» **Provided data**
^^^^^^^^^^^^^^^^

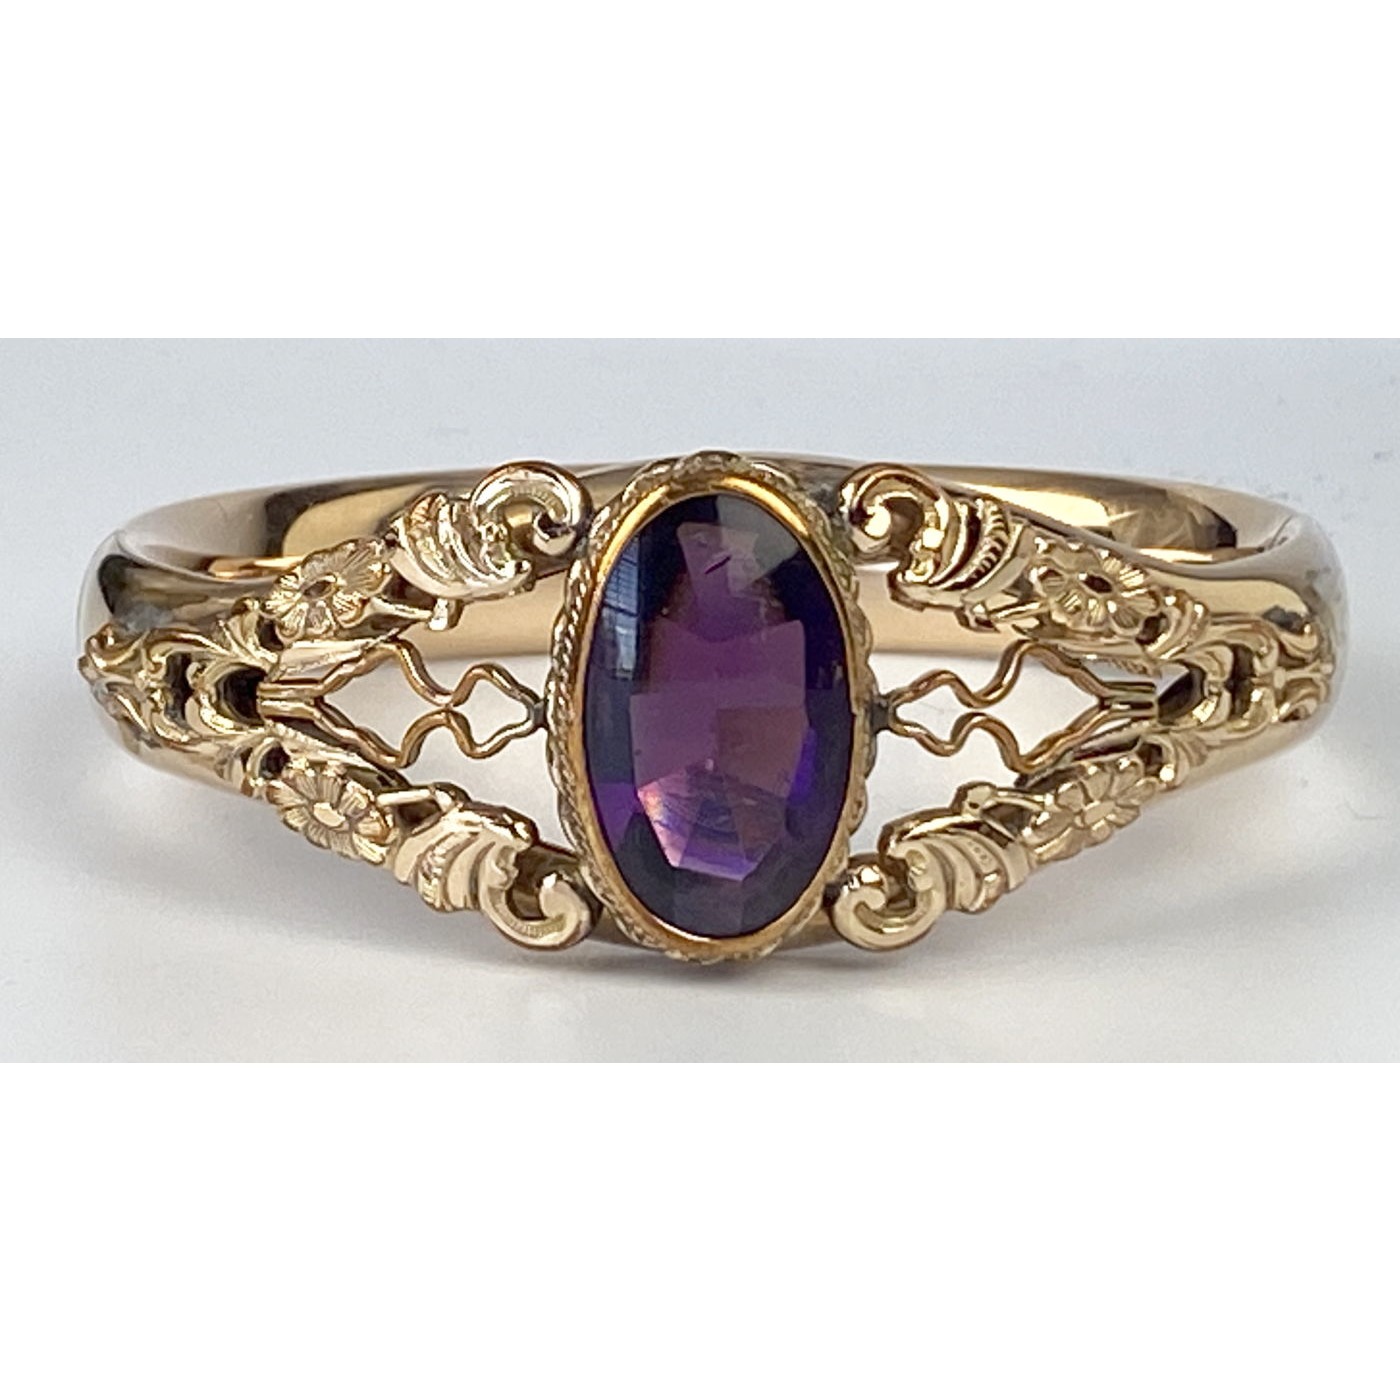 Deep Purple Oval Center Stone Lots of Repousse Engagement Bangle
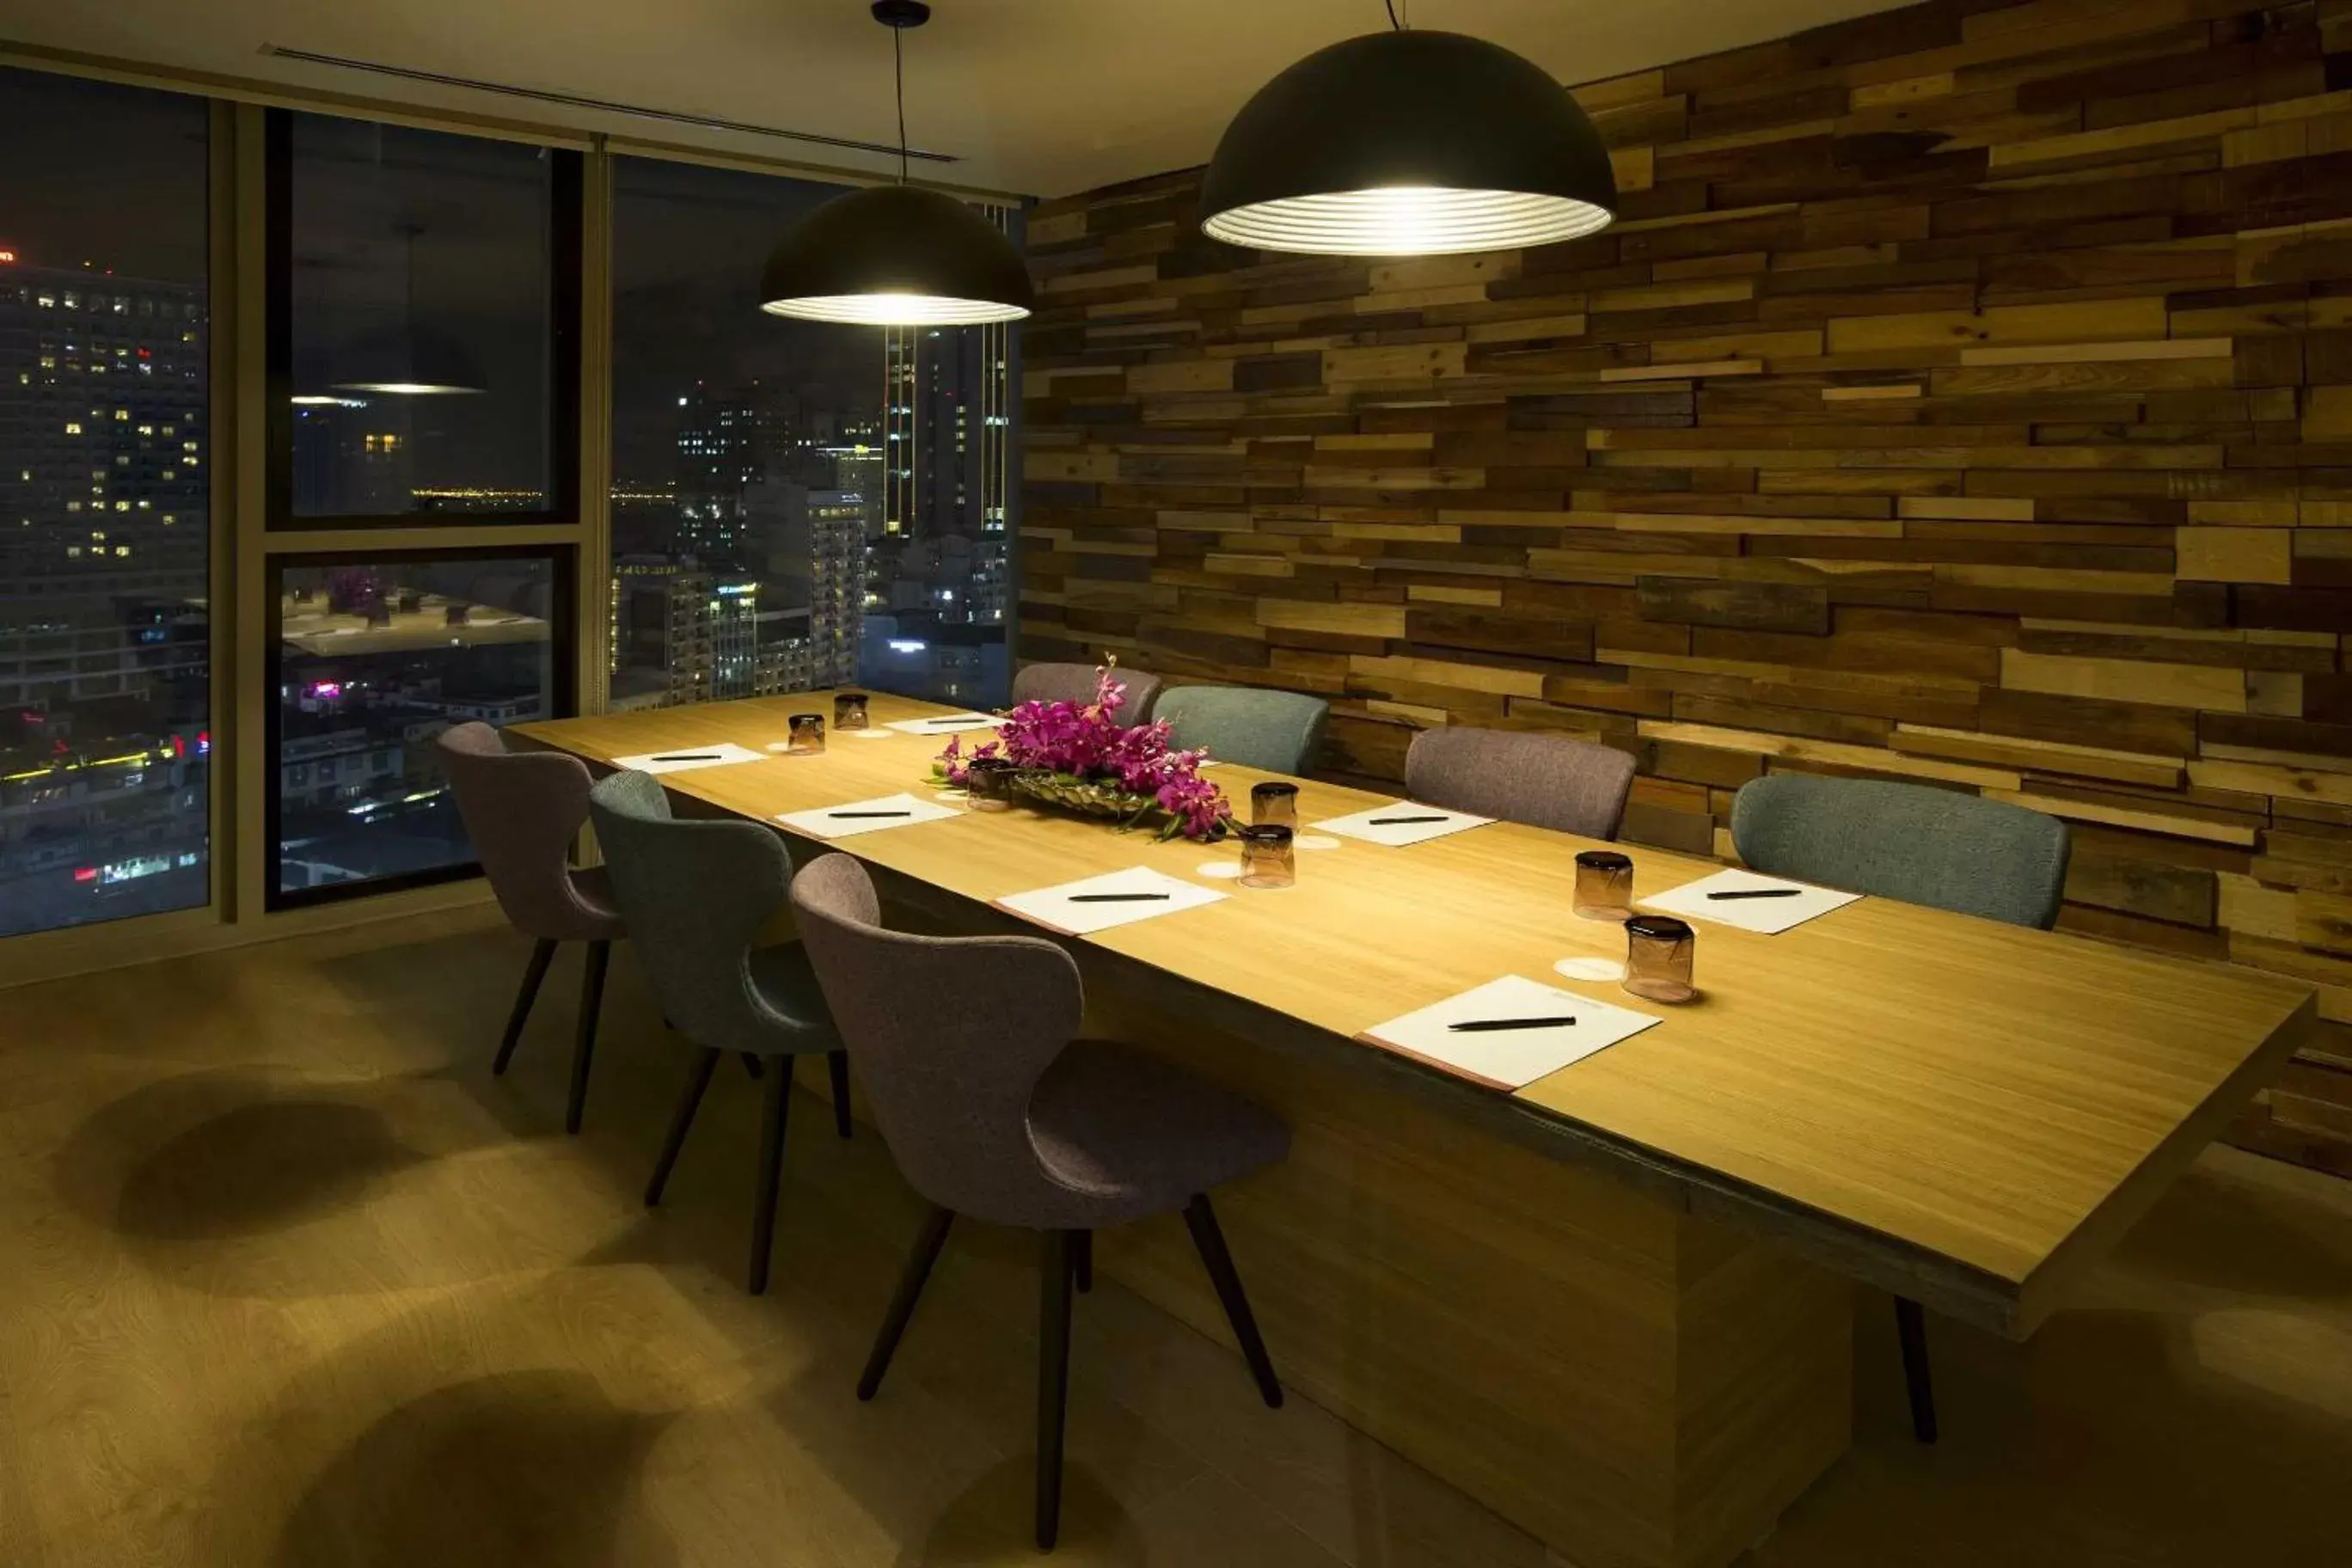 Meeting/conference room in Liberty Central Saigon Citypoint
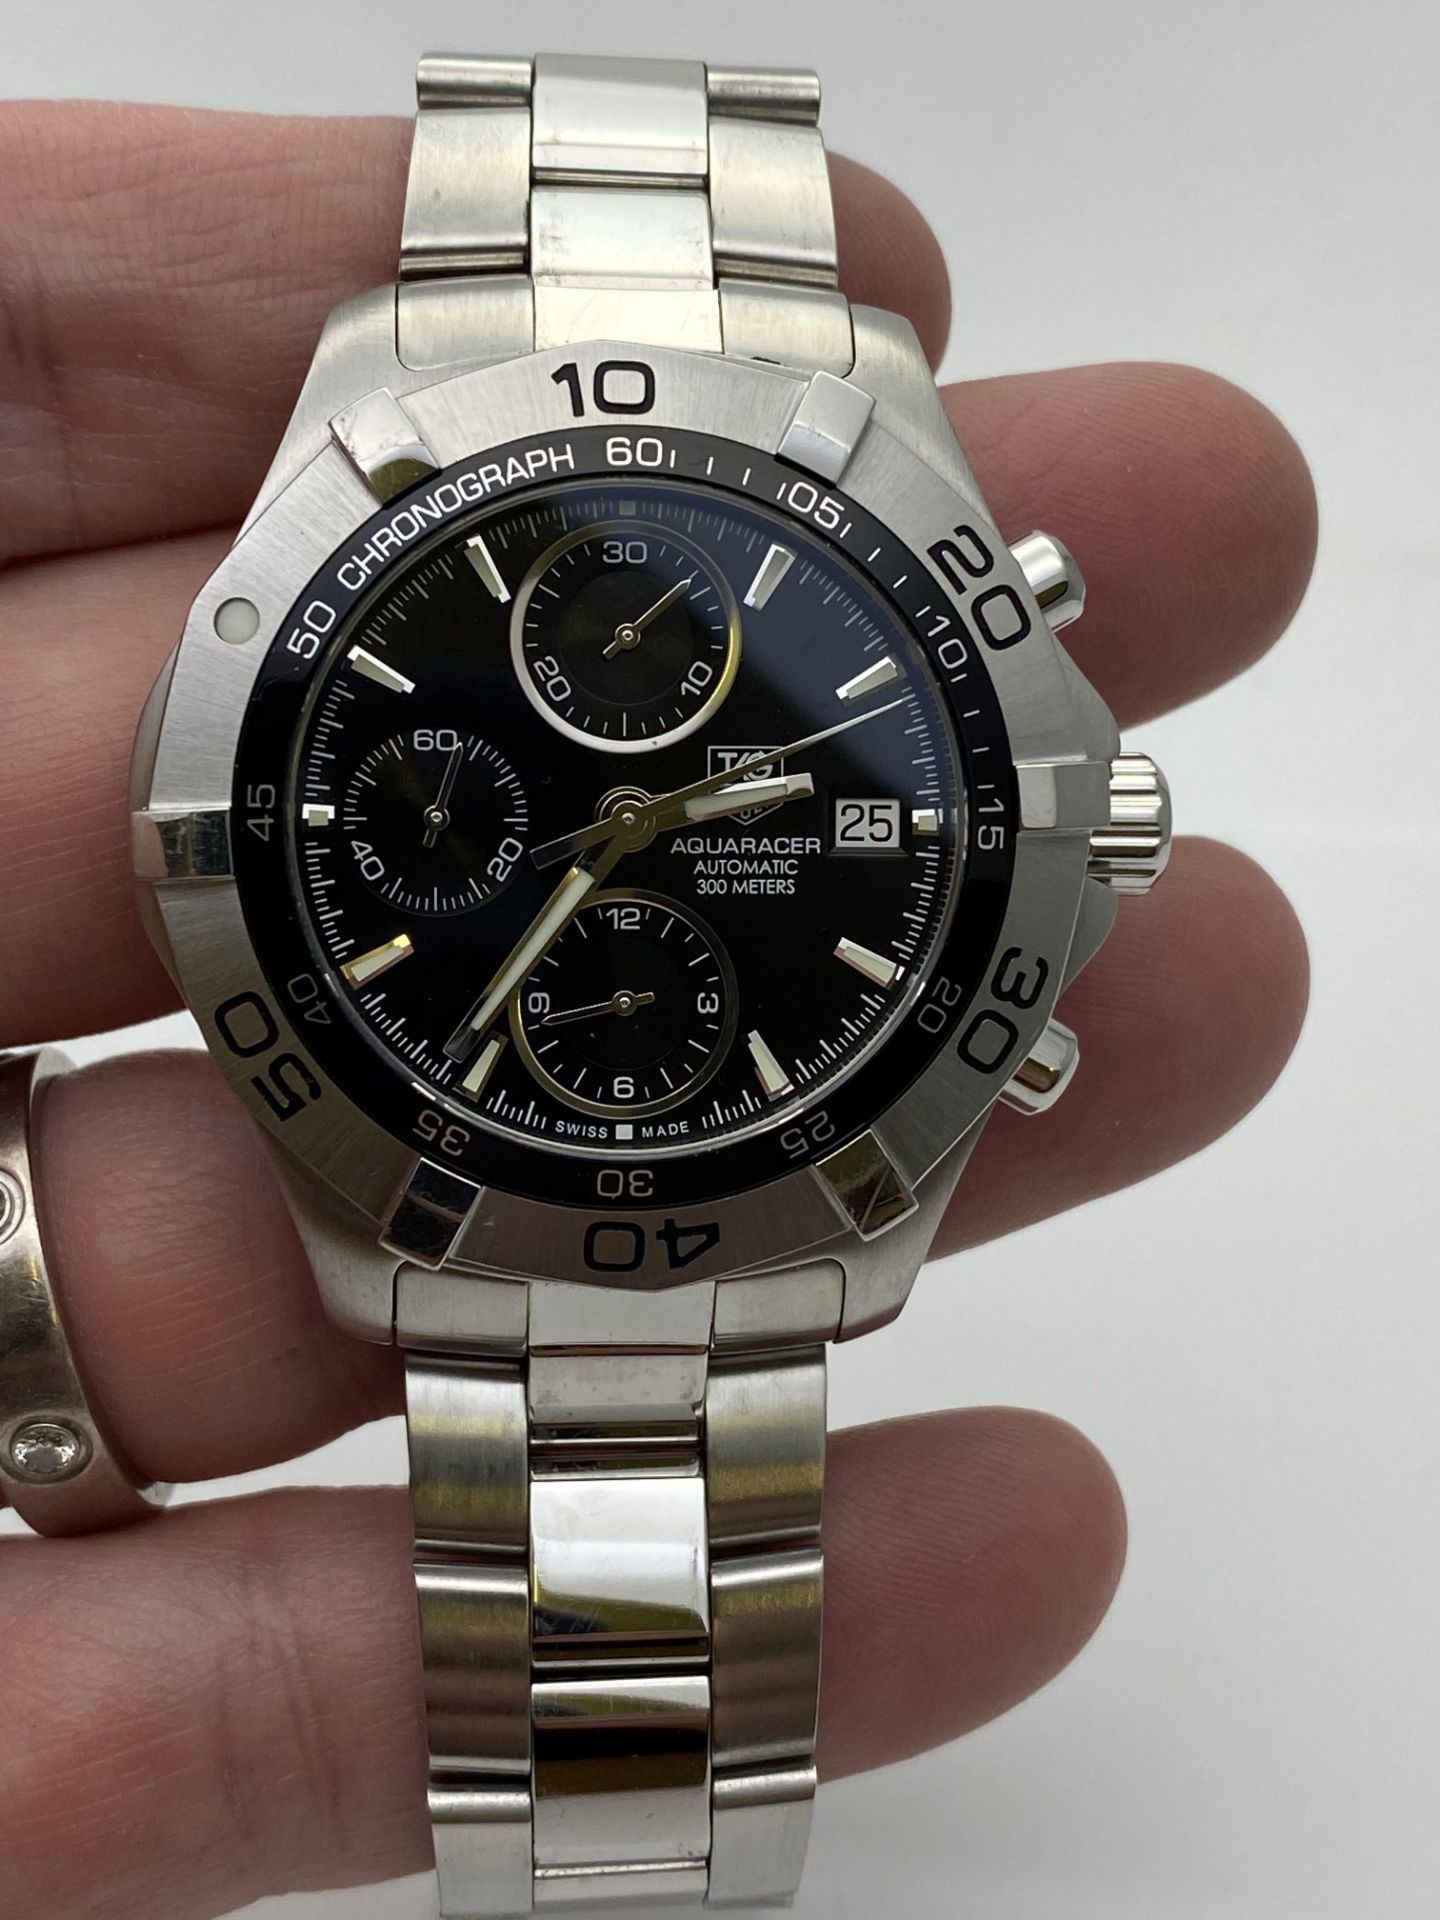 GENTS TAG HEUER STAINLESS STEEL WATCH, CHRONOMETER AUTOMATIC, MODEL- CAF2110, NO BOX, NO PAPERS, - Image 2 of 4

^^^^^^^^^^^^^^^^

An exact reproduction of the material above is needed, without its pictures.

 Deep Purple Oval Center Stone Lots of Repousse Engagement Bangle
 Meeting/conference room in Liberty Central Saigon Citypoint
 GENTS TAG HEUER STAINLESS STEEL WATCH, CHRONOMETER AUTOMATIC, MODEL- CAF2110, NO BOX, NO PAPERS, - Image 2 of 4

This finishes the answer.